Guantanamo, etc. 

Guantanamo, etc.

Chris Matthews via Atrios:

MATTHEWS: My big concern is, the longer you keep them, the angrier they get. Eventually, you are going to send them home. Maybe the smarter thing is to execute everyone down there, because if you‘re going to send them back to the Arab world or the Islamic world angry as hell at us, they‘re going to be doing dirty stuff against us, right?


Now this is truly in the spirit of Alcidas the Spartan, and the same criticism comes to mind: maybe you won't be known as a liberator if this is how you treat prisoners?

On the same program, Deborah Orin:

ORIN: I go back to the fact that we need to remember we‘re at war.


And it makes it—you know, for some of the people who are on the left on this issue, it gets very easy to say, oh, we need to treat them with proper respect and so on. This is a very complicated question, because, on the one hand, you don‘t want to behave as badly as they do. On the other hand, you know, I think the reaction in much of the al Qaeda world to this story will be, what a bunch of wusses. Boy, if that is all they do to you, we don‘t even have to be afraid of being captured.


In order to win a war, the U.S. needs to persuade individuals on the enemy side that they should be afraid of being captured by U.S. military personnel? Afraid of being tortured?

The obvious point that is made by Bush critics is that we--the anti-Axis allies, led in the West by the U.S.--defeated the Axis powers without torturing helpless individuals.

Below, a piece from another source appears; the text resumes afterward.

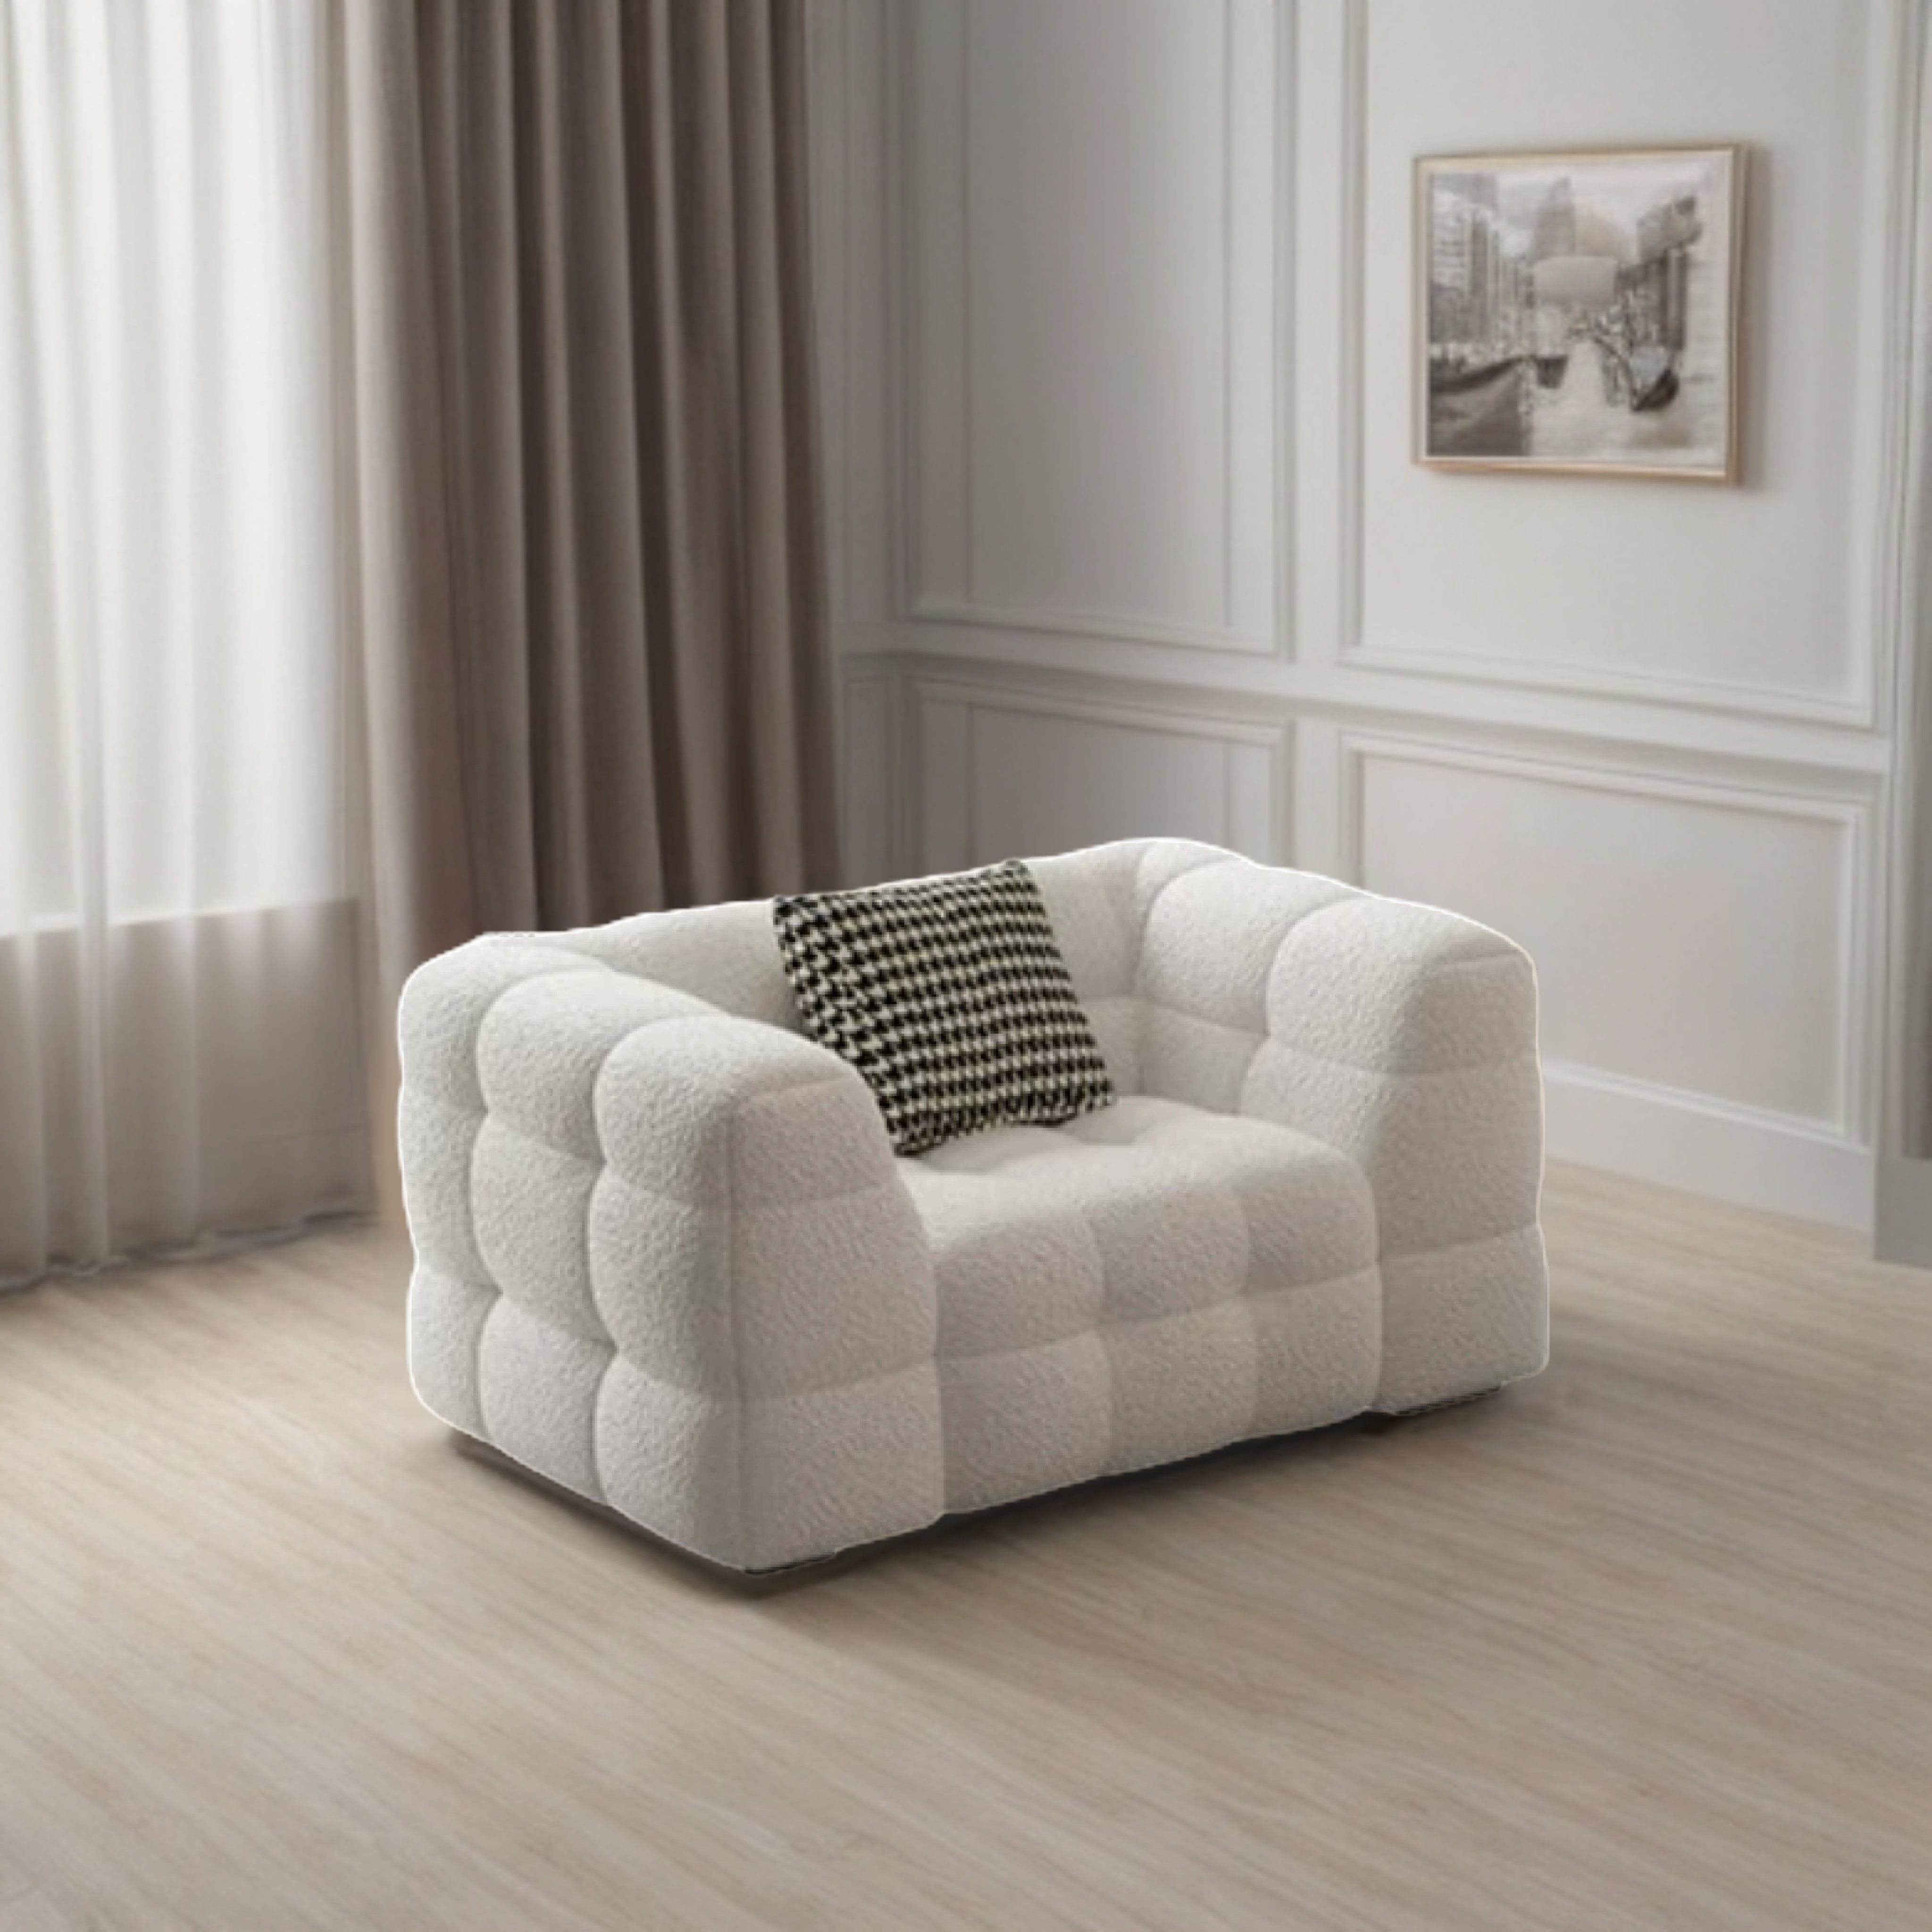 Cream Fabric Sofa - Cotton Candy Style Living Room

The equally obvious point that could be made is that we showed great willingness to be absolutely ruthless in order to win that war--in particular, by saturation bombing of hundreds of thousands of civilians. There were terrible regimes that enjoyed considerable popular support, and we wanted to show that we were strong, and the totalitarian regimes were weak. Do you show that by torturing captives?

I guess the general rule should apply: Senator Durbin was wrong to make an analogy to the Nazis (see Kaus and Jon Stewart). But his analogy was not as far off as most such analogies are.

UPDATE:

Kevin Drum asks: the description of actual torture at Guantanamo, carried out by Americans in uniform (and perhaps by the CIA), reminds us of regimes other than the liberal democracy in the U.S. Bush defenders don't want to say there's an analogy to Nazi Germany, or the Soviet Union, or Pol Pot. OK, then: what regime does it remind us of?

Jonah Goldberg has started working on this: "A more apt, but still poor analogy, would be to Turkey a couple decades ago or perhaps France during the Algerian campaign." Now we're getting somewhere. Do I hear Pinochet? Franco? The Argentinian colonels, who apparently made Margaret Thatcher say "It's 1939 all over again"? Someone on the Corner thinks it's hypocritical of the left to praise Castro, while criticizing "the rest" of Cuba, namely Guantanamo. OK: Do I hear Castro?